FBI’s Trump Raid Reinforces Deep-State G-Men As The Bad Guys

With Monday’s raid of Trump’s Florida home, FBI headquarters has made clear it still sees Trump and conservatives as the enemy.

Share

The FBI’s unprecedented raid of former president Donald Trump’s home has angered Americans much beyond his loyalists. Nonetheless, watch for the bureau to exploit the backlash to target conservative organizations and to find some isolated extremists to entrap Whitmer-style.
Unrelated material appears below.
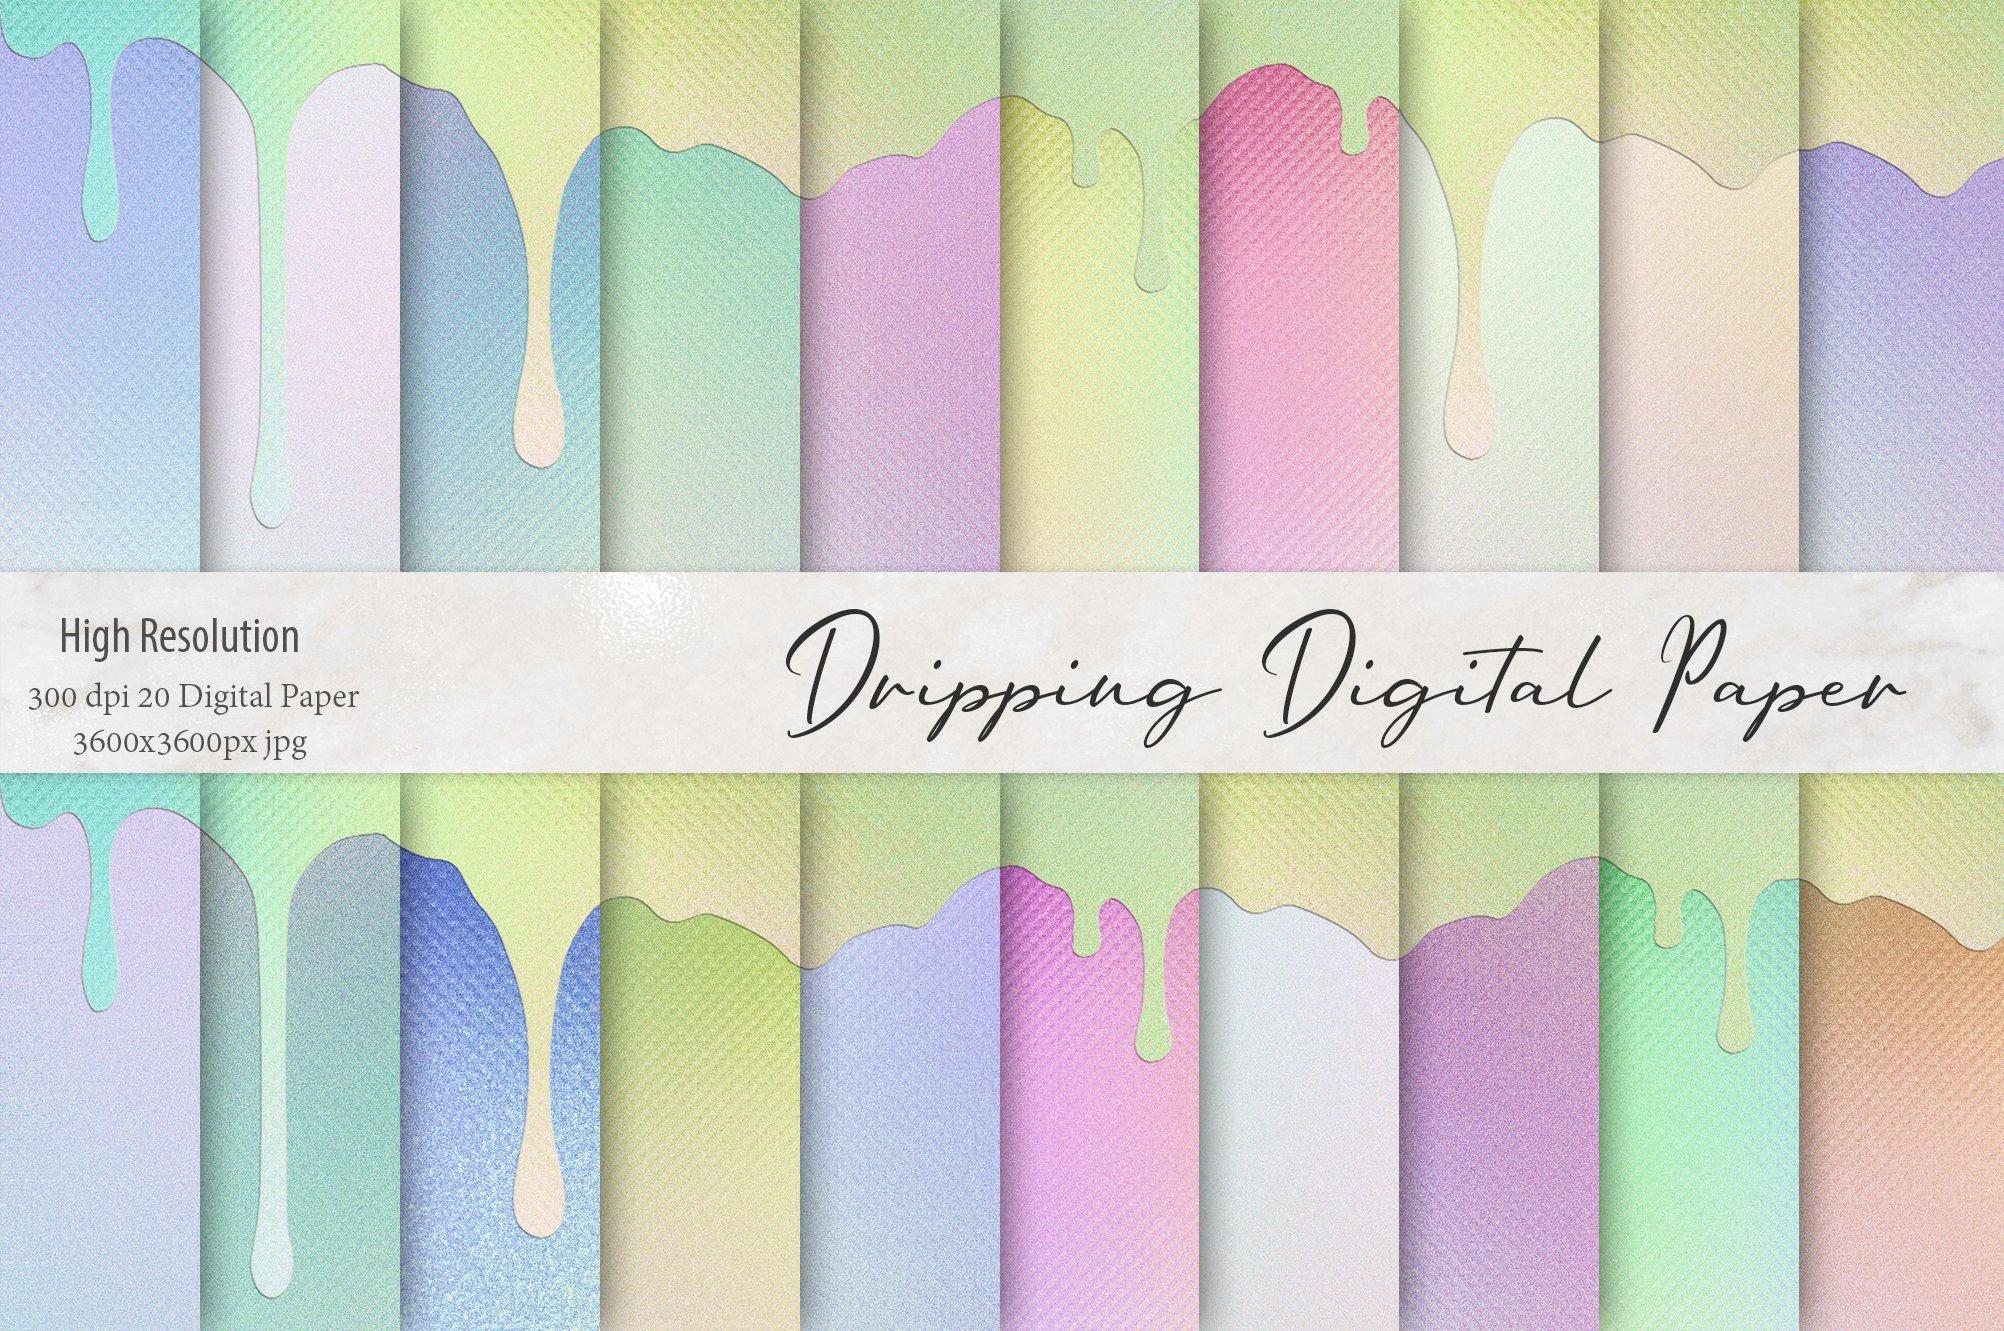 20款高清水滴虹彩海报设计背景纹理图片素材 Dripping Iridescent Textures插图

The raid at Trump’s Mar-a-Lago residence on Monday raised the volume of voices on the right who have been criticizing the politicization of the Department of Justice and the Federal Bureau of Investigations for six-plus years. But the overreach seen in the search of the former president’s home proved even too great for some Trump critics and even a few Democrats who joined the choir to condemn the raid. Notwithstanding the broad base of the pushback, however, conservatives should ready themselves for further moves by FBI headquarters to target the right, using outrage over the raid of Trump’s home as an excuse. 

FBI headquarters has made clear its view of conservatives such as Sen. Ted Cruz, R-Texas, which were exposed last week when Christopher Wray testified before the Senate Judiciary Committee. During the three-hour-plus hearing that the FBI director cut short to catch a plane, Cruz marched through the most extreme examples of the FBI’s targeting of conservatives. 

Cruz began by displaying warped training materials used by the FBI that identified several historic, patriotic symbols often used by conservatives as symbols “indicative of militia-violent extremism.”

“The simple words, things like the Ku Klux Klan or the Nazi Party, would be symbols” of violent extremism, Cruz stressed, but the FBI training materials instead “included astonishingly patriotic symbols of our nation and our history,” such as “the Betsy Ross flag,” even though Presidents Barack Obama and Joe Biden took their oath of office directly beneath the Betsy Ross flag. 

Also included on the list of “symbols of militia-violent extremism,” Cruz continued, was the Gadsden flag, even though Virginia and several other states offer license plates displaying the bright yellow “Don’t Tread on Me” image. The Gonzales “Come and Take It” flag likewise made an appearance on the FBI’s list as indicative of a violent extremist militia, prompting the Texas senator to self-report since the Gonzales flag embosses the back of his boots. 

Wray claimed unfamiliarity with the training material but noted that the FBI attempts to caveat such “intelligence products” with a warning “that a symbol alone is not considered evidence of violent extremism.” Yet, as Cruz countered, the FBI did not include Black Lives Matter or Antifa flags or symbols, just the ones displayed by those on the right.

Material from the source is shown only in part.